By analyzing existing cross correlation between Fulton Financial and Heartland Financial USA, you can compare the effects of market volatilities on Fulton Financial and Heartland Financial and check how they will diversify away market risk if combined in the same portfolio for a given time horizon. You can also utilize pair trading strategies of matching a long position in Fulton Financial with a short position of Heartland Financial. Check out your portfolio center. Please also check ongoing floating volatility patterns of Fulton Financial and Heartland Financial.

Diversification Opportunities for Fulton Financial and Heartland Financial

0.32
  Correlation Coefficient

Weak diversification

The 3 months correlation between Fulton and Heartland is 0.32. Overlapping area represents the amount of risk that can be diversified away by holding Fulton Financial and Heartland Financial USA in the same portfolio, assuming nothing else is changed. The correlation between historical prices or returns on Heartland Financial USA and Fulton Financial is a relative statistical measure of the degree to which these equity instruments tend to move together. The correlation coefficient measures the extent to which returns on Fulton Financial are associated (or correlated) with Heartland Financial. Values of the correlation coefficient range from -1 to +1, where. The correlation of zero (0) is possible when the price movement of Heartland Financial USA has no effect on the direction of Fulton Financial i.e., Fulton Financial and Heartland Financial go up and down completely randomly.

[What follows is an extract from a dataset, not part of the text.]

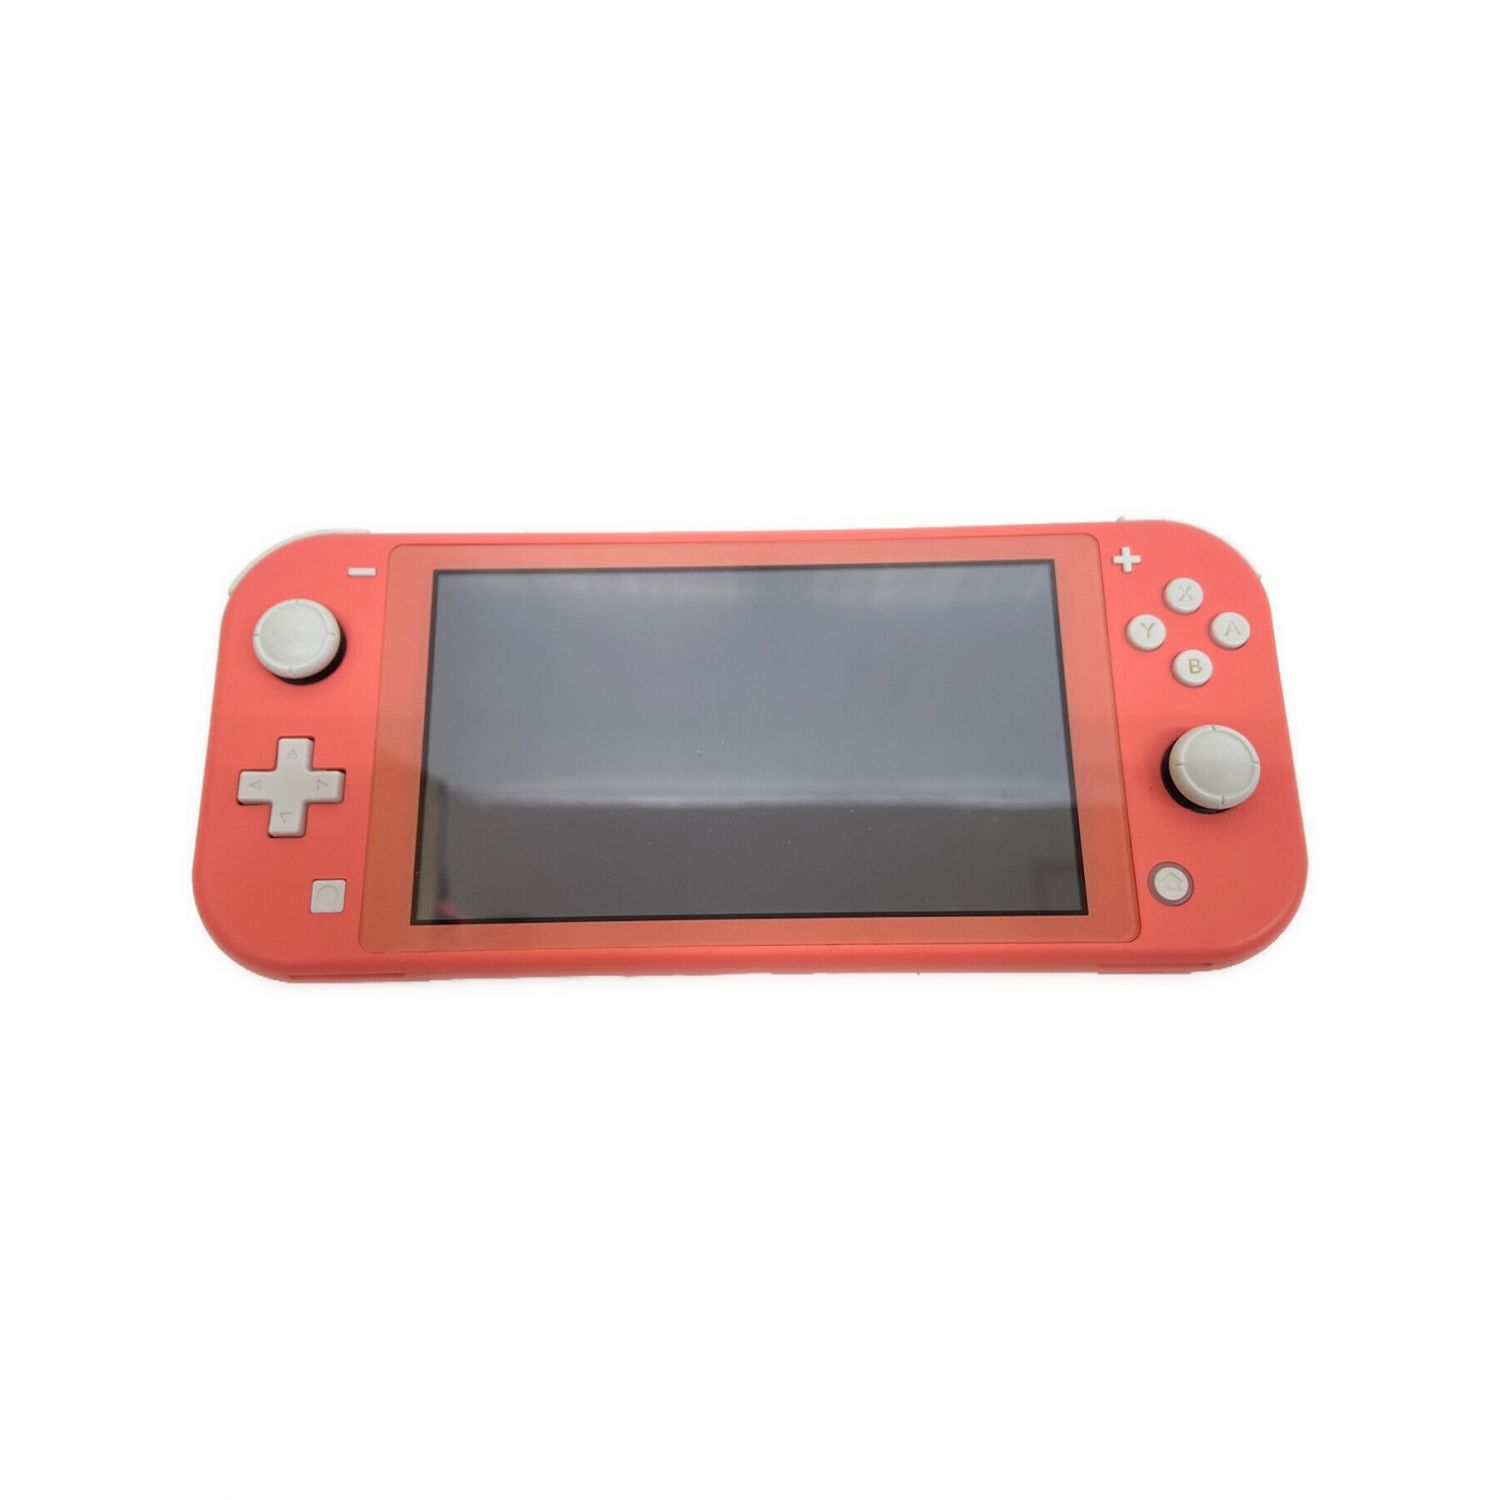 Nintendo Switch Liteブラック本体 品　動作確認済

Pair Corralation between Fulton Financial and Heartland Financial

Assuming the 90 days horizon Fulton Financial is expected to generate 1.81 times more return on investment than Heartland Financial. However, Fulton Financial is 1.81 times more volatile than Heartland Financial USA. It trades about 0.08 of its potential returns per unit of risk. Heartland Financial USA is currently generating about 0.06 per unit of risk. If you would invest  1,638  in Fulton Financial on October 7, 2024 and sell it today you would earn a total of  402.00  from holding Fulton Financial or generate 24.54% return on investment over 90 days.
Time Period3 Months [change]
DirectionMoves Together 
StrengthVery Weak
Accuracy100.0%
ValuesDaily Returns

Fulton Financial  vs.  Heartland Financial USA

 Performance 
       Timeline  
Fulton Financial 

Risk-Adjusted Performance

9 of 100

 
Weak
 
Strong
OK
Compared to the overall equity markets, risk-adjusted returns on investments in Fulton Financial are ranked lower than 9 (%) of all global equities and portfolios over the last 90 days. Even with relatively weak basic indicators, Fulton Financial may actually be approaching a critical reversion point that can send shares even higher in February 2025.
Heartland Financial USA 

Risk-Adjusted Performance

10 of 100

 
Weak
 
Strong
OK
Compared to the overall equity markets, risk-adjusted returns on investments in Heartland Financial USA are ranked lower than 10 (%) of all global equities and portfolios over the last 90 days. Even with relatively invariable technical and fundamental indicators, Heartland Financial is not utilizing all of its potentials. The latest stock price agitation, may contribute to short-term losses for the retail investors.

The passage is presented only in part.